Proceedings of Spie--The International Society for Optical Engineering
|September 13, 2024
Summary
This study introduces a novel multipath cycle generative adversarial network (GAN) for harmonizing computed tomography (CT) image textures across different reconstruction kernels. The method reduces measurement variability in quantitative analysis, like emphysema quantification.
Area of Science:
- Medical Imaging
- Artificial Intelligence in Radiology
- Quantitative Image Analysis
Background:
- Reconstruction kernels in computed tomography (CT) significantly influence image texture, impacting quantitative analysis.
- Inconsistent CT textures across different kernels and manufacturers lead to measurement discrepancies.
- Existing harmonization methods often require paired, aligned scans and extensive model training.
Purpose of the Study:
- To develop and evaluate an unpaired image translation approach for harmonizing CT reconstruction kernels.

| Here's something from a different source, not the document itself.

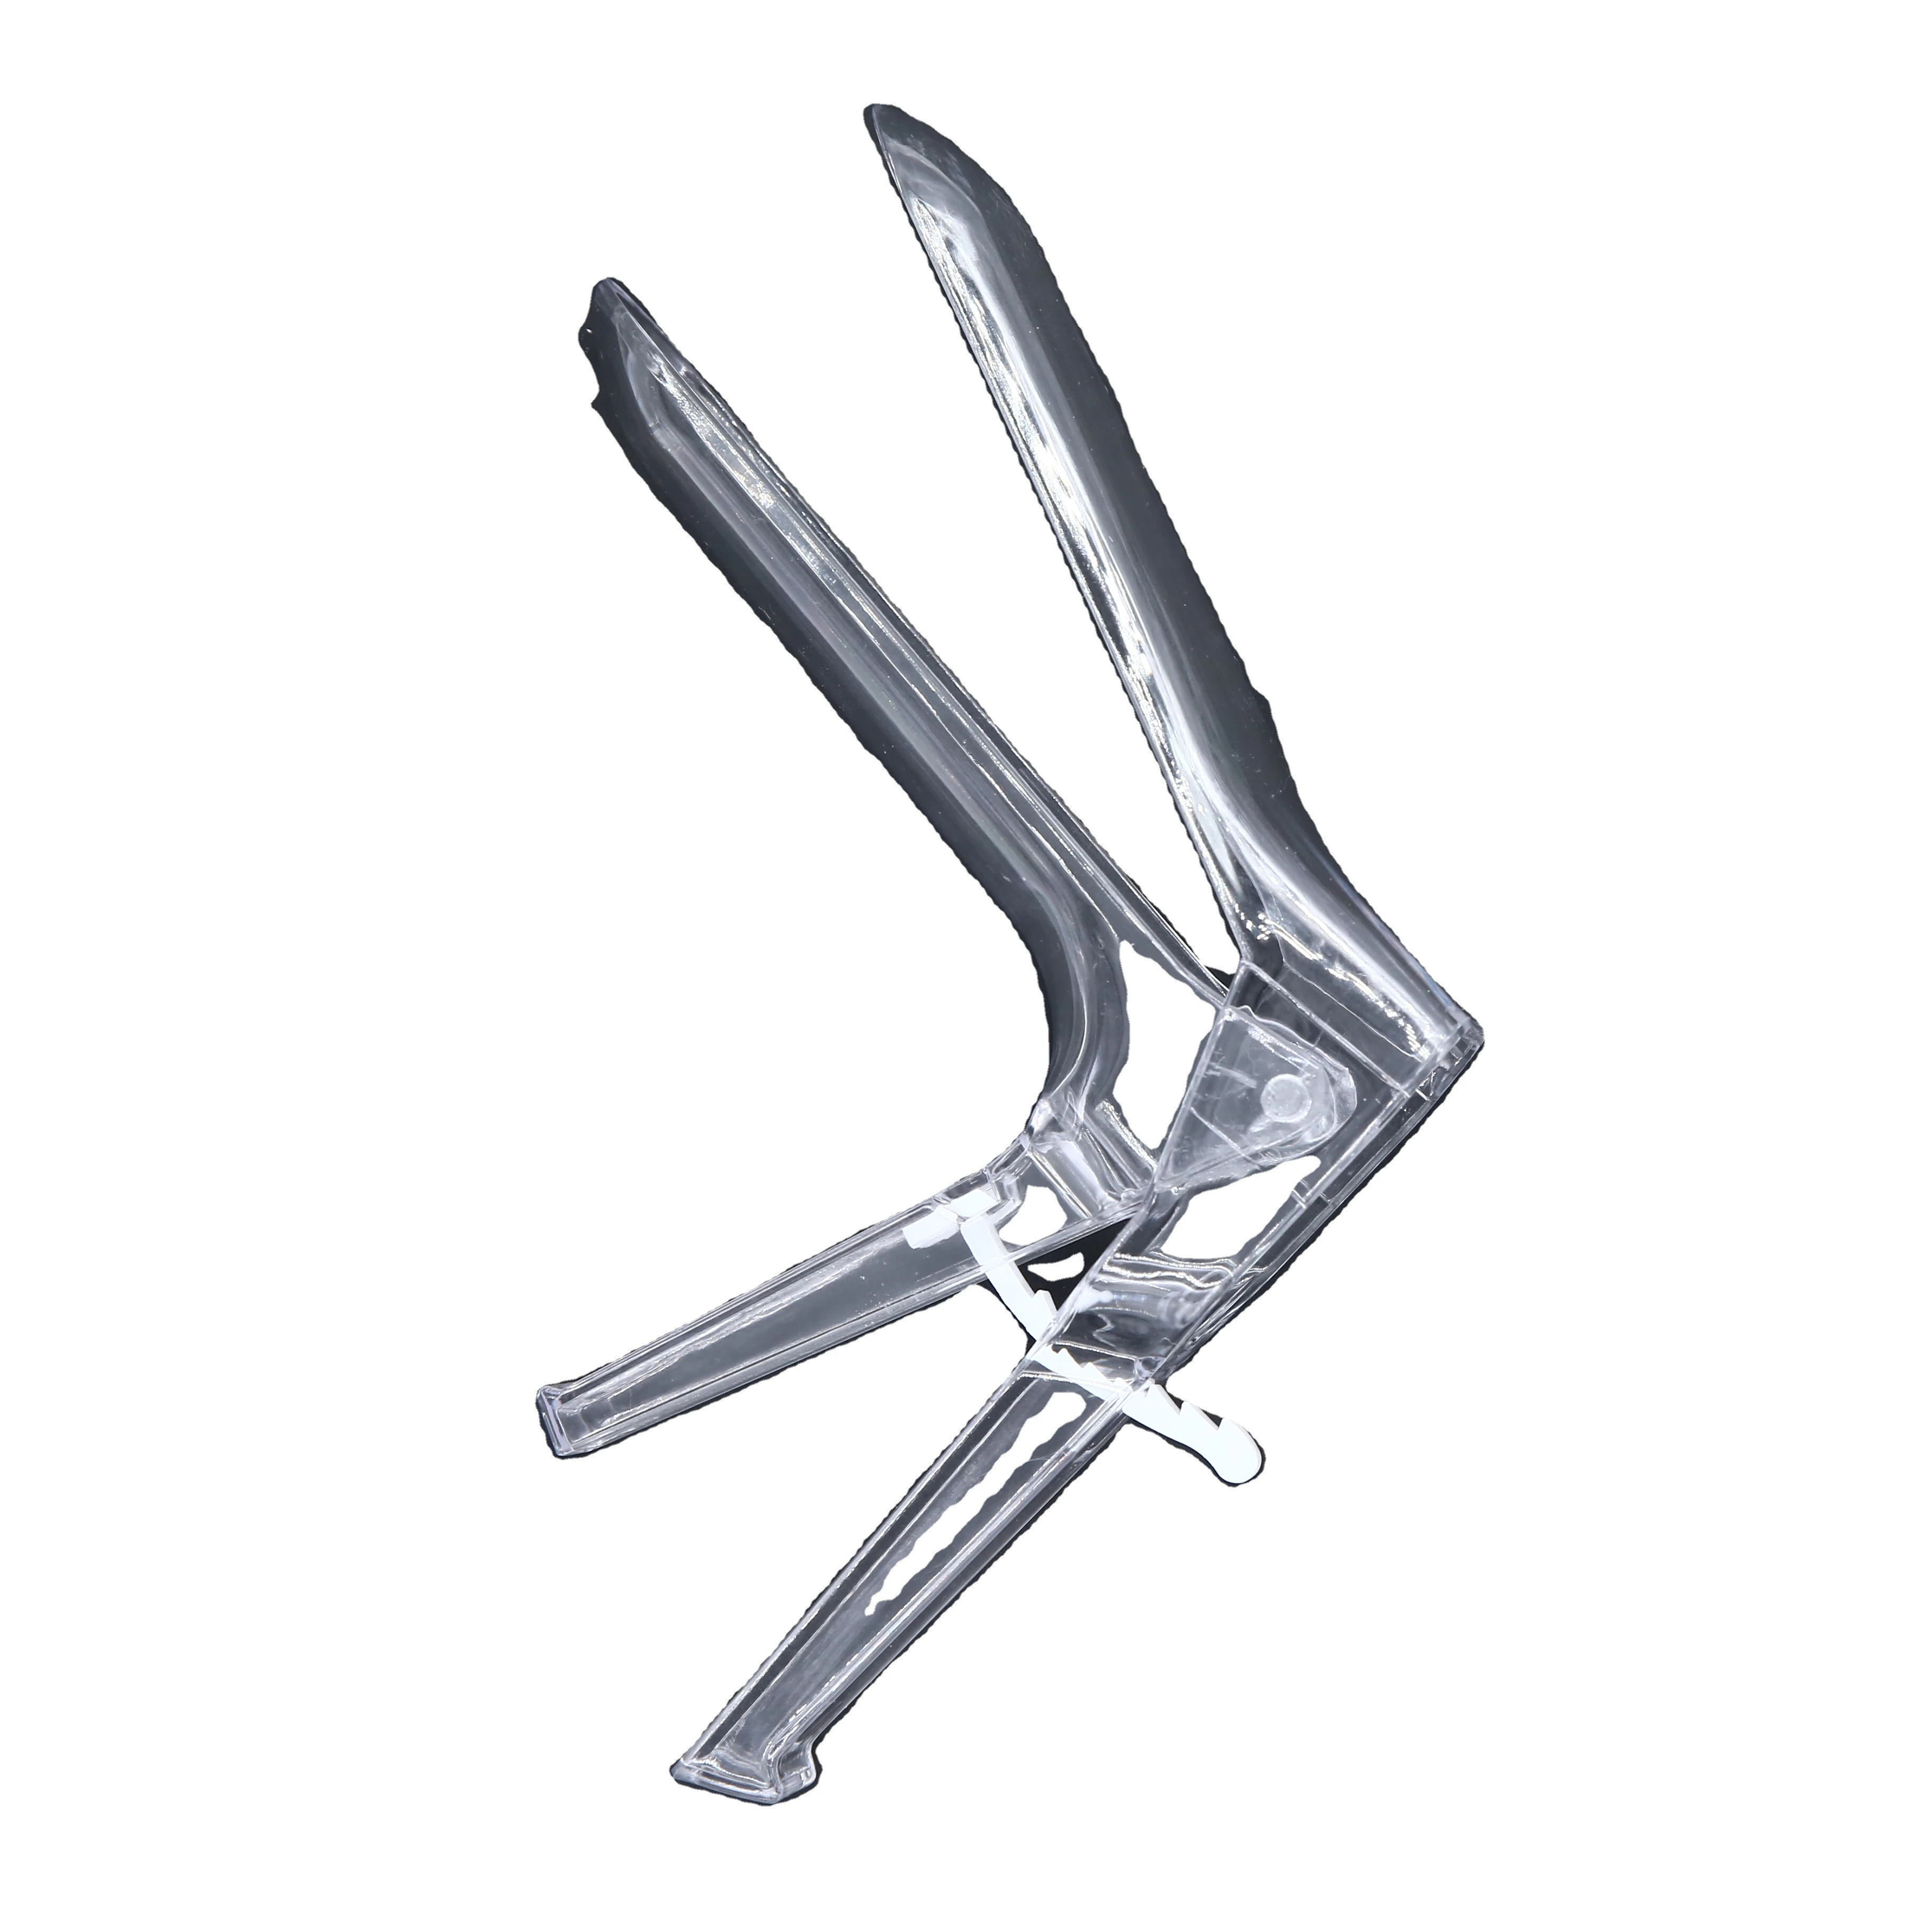 Low-cost disposable medical detection device colposcopy vaginal dilator

- To investigate harmonization between and across different manufacturers' kernels using a multipath cycle generative adversarial network (GAN).
- To assess the impact of harmonization on quantitative measurements, specifically percent emphysema.
Main Methods:
- Utilized a multipath cycle generative adversarial network (GAN) for unpaired image translation.
- Trained the GAN on hard and soft reconstruction kernels from Siemens and GE vendors using the National Lung Screening Trial dataset.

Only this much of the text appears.